I have a node class:

class Node {    
  public:
  Node(int d) {
    data = d;
    next = NULL;
  }

  Node(int d, Node* n) {
    data = d;
    next = n;   
  }

  int data;
  Node* next;
};

and in my LinkedList class, I have the following method:

void remove(int n) {
    Node* current;
    current = head;
    Node* previous = NULL;

    while ( current->data != n && current->next != NULL)  {

        previous = current;
        current = current->next;
    }

    if (current->data == n) {
        previous->next = current->next;
        current->next = NULL;
        delete current;
    }
    else {
        std::cout << "Node not found" << std::endl;
    }
}

I seem to have forgotten..When I do delete current does that delete the Node ? Like the actual object that the pointer current points to? Or does it just delete the pointer? Or does the deletion of a pointer pointing to dynamically allocated memory using delete delete both the pointer and the object? Or do I need to have defined a Node class destructor for that?

Upvotes: 0

Views: 129

Answers (6)

Vaibhav Jhunjhunwala
Vaibhav Jhunjhunwala

Reputation: 31

Whenever you call delete on a pointer variable, the object to which it is pointing to gets deleted from the memory, however the 4 bytes allocated to the actual pointer variable (in your case, the current variable), the 4 bytes will be freed only when the variable will go out of scope, ie At the end of the function

Upvotes: 0

Č&#237;ma
Č&#237;ma

Reputation: 11

It does delete the actual structure pointed to by current. Pointers remain intact. No need for defining destructor.

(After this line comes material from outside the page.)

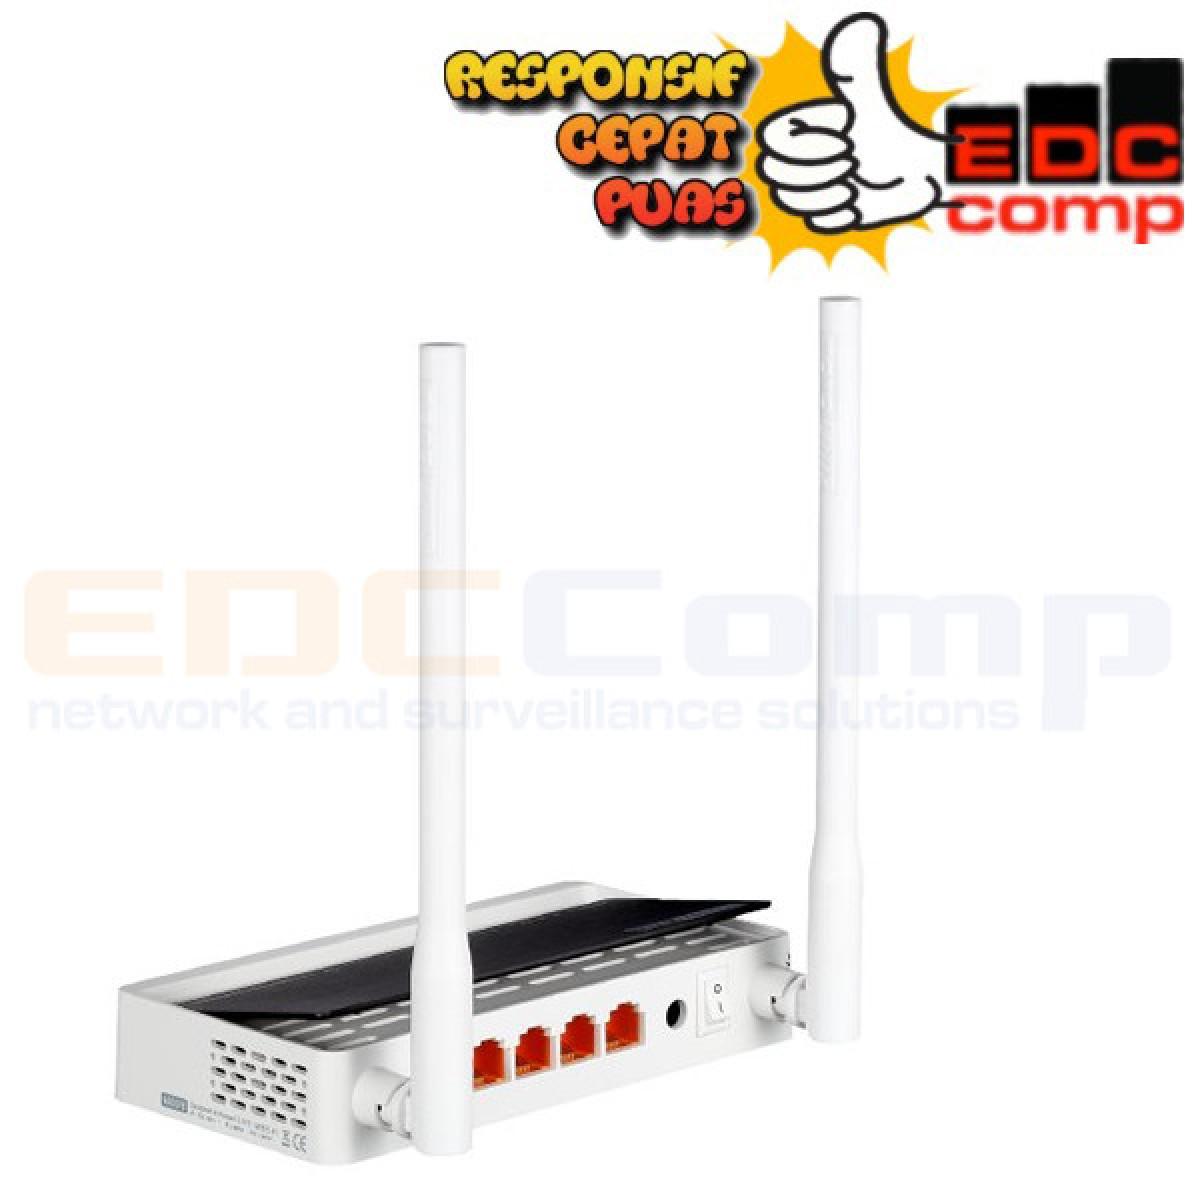 TotoLink 300 Mbps Wireless N Broadband Router - N300RT n300 - EdcComp

The delete operator is to be applied to pointer to object. The pointer is an address of memory on heap allocated by calling new. Internally there is just table of addresses allocated by new. So the key to free such memory is just that address. In your case such address is stored in variable of type pointer to Node named current.

There are few problems in your code. The problematic one is that you have no posibility to tell whether node stored in current is actually allocated on heap. It might happen that current node is allocated on stack. E.g.

void someFunction(LinkedList &list) {
  Node myLocalNode(10);
  list.add(&myLocalNode);
  list.remove(10); //<-- disaster happens here
}

The same applies to statically allocated global variables.

You must take care of extreme cases. Think about what happens when deleted object is the first one, pointed by variable head. By deleteing its memory you end up with dangling pointer in head, pointing to either unallocated memory or memory used by someone else.

My third objection is to writing such structure at all. I hope it is just some school excercise, because in any other cases you should (almost must) use some existing list like std::list from C++ STL.

Upvotes: 0

g24l
g24l

Reputation: 3125

Assuming that you have allocated your object using new delete on a pointer does the following:

  1. calls the destructor of the object
  2. request that the memory is free ( when that happens is actually implementation dependent )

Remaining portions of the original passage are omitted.